Solution in package.json:

"browserslist": [
  "last 2 Chrome versions",
  "last 2 Firefox versions",
  "last 2 Safari versions",
  "last 2 Edge versions"
]

Impact: Eliminates polyfills for features like Array.prototype.at, Object.fromEntries, etc. (~12KB saved).


Optimization 8: Lazy Load Google Analytics

Analytics scripts don't need to load immediately.

Before:

<Script
  src="https://www.googletagmanager.com/gtag/js"
  strategy="afterInteractive"
/>

After:

<Script
  src="https://www.googletagmanager.com/gtag/js"
  strategy="lazyOnload"
/>

Impact: Analytics loads after everything else, not competing with critical resources.


What Didn't Work: Lessons Learned

1. CSS Filter Animations

Using filter: blur() in animations caused TBT to spike from 70ms to 240ms:

/* Don't do this on LCP elements */
@keyframes hero-title {
  from {
    filter: blur(3px); /* Expensive! */
  }
}

Lesson: filter properties are CPU-intensive. Stick to transform for animations.
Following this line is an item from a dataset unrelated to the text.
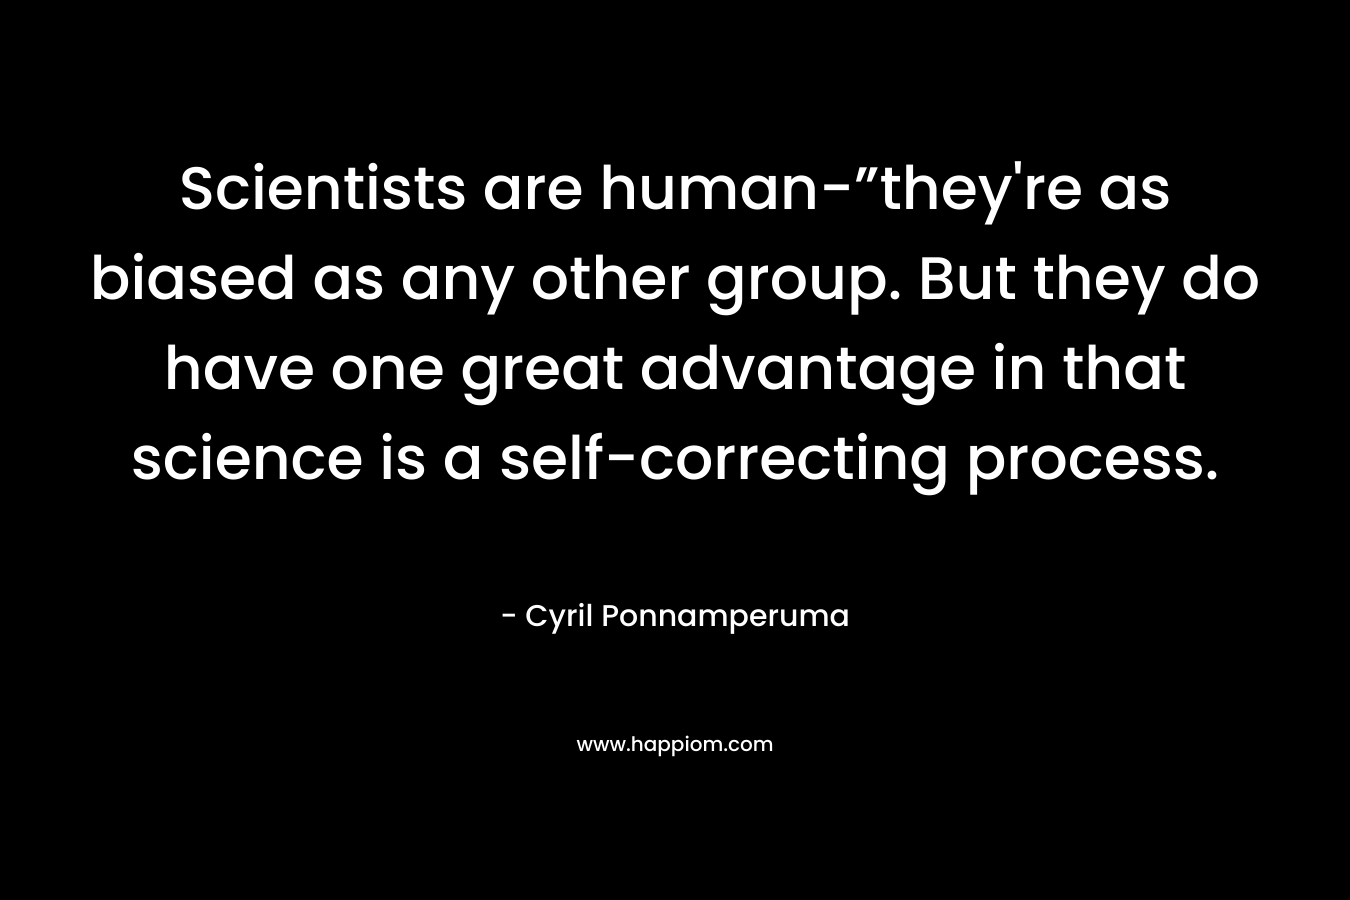 Scientists are human-”they’re as biased as any other group. But they do have one great advantage in that science is a self-correcting process. – Cyril Ponnamperuma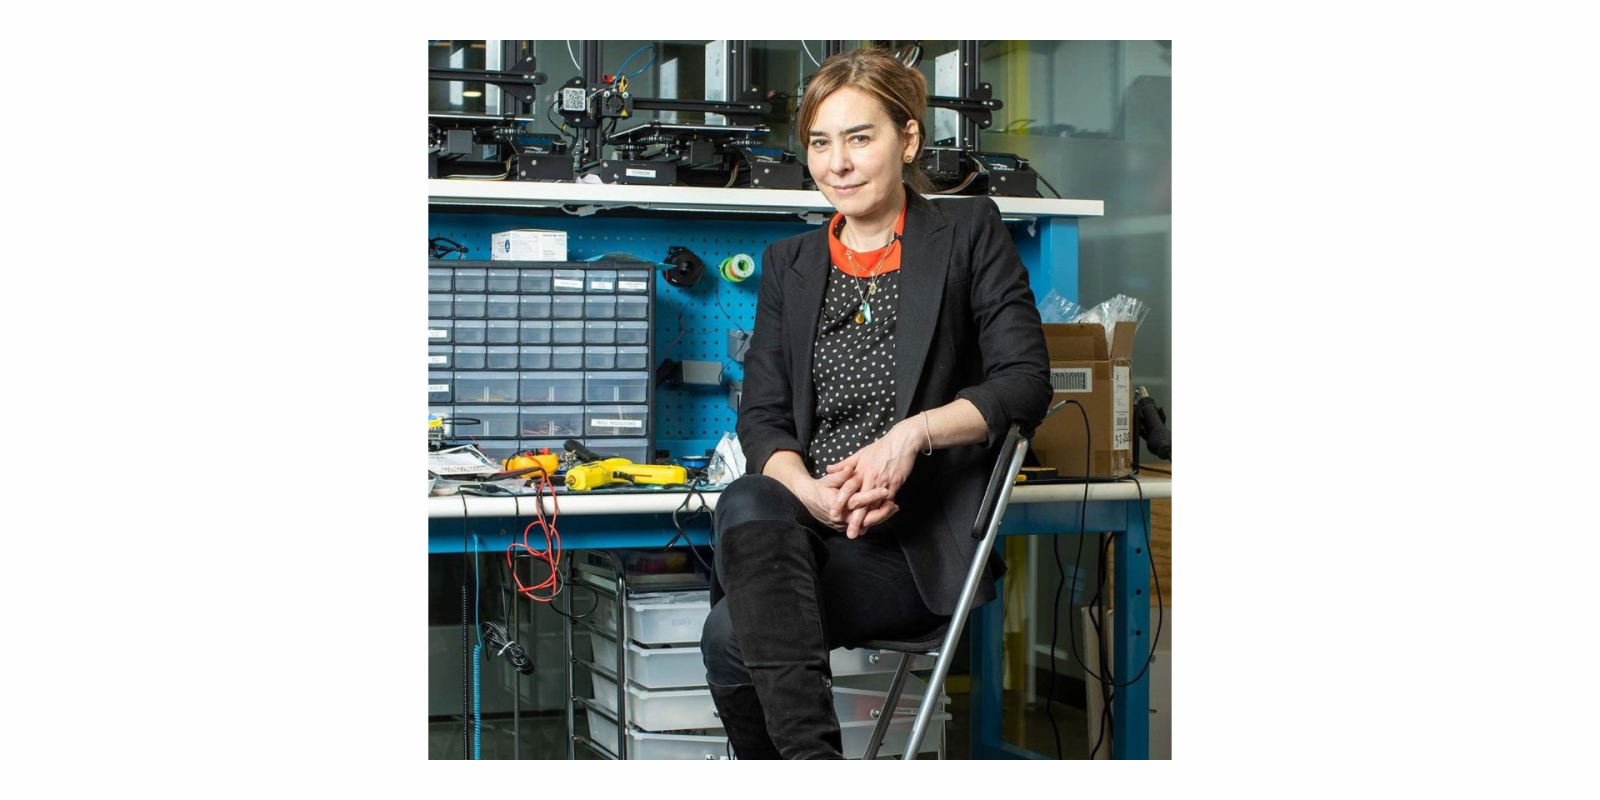 Woman sits in a dark jacket inside of a workspace filled with tools and machines

2. Opacity in Initial State

Any animation starting with opacity: 0 will block LCP:

// This blocks LCP
initial={{ opacity: 0 }}

Lesson: LCP elements must be visible immediately. Use transform-only animations.


Tools Used

  • Google PageSpeed Insights - Primary testing tool
  • Chrome DevTools Performance Panel - Detailed analysis
  • Next.js Bundle Analyzer - JavaScript bundle optimization
  • WebPageTest - Multi-location testing

The Performance Checklist

Use this checklist for your own optimizations:

Critical (LCP)

  • Hero images use priority and sizes attributes
  • No videos in above-the-fold content
  • LCP element has no opacity animations
  • Fonts use display: swap and preload

Important (TBT)

  • Third-party scripts lazy loaded
  • reCAPTCHA loads on interaction only
  • No filter animations on visible elements
  • Dynamic imports for non-critical components

Nice to Have

  • Modern browserslist configuration
  • Cookie banner delayed past 2.5s
  • Analytics uses lazyOnload strategy

Conclusion

Performance optimization is an iterative process. Each change needs testing, and sometimes optimizations that seem good (like blur animations) actually hurt performance.

The key takeaways:

  1. Measure first - Use PageSpeed Insights to identify actual problems
  2. Focus on LCP - It's usually the biggest opportunity
  3. Lazy load everything non-critical - Scripts, images, components
  4. Test after every change - Scores can vary; run multiple tests
  5. Don't over-optimize - 98 is excellent; chasing 100 may require sacrificing UX

Every second counts. A faster website means more conversions, better SEO rankings, and happier users.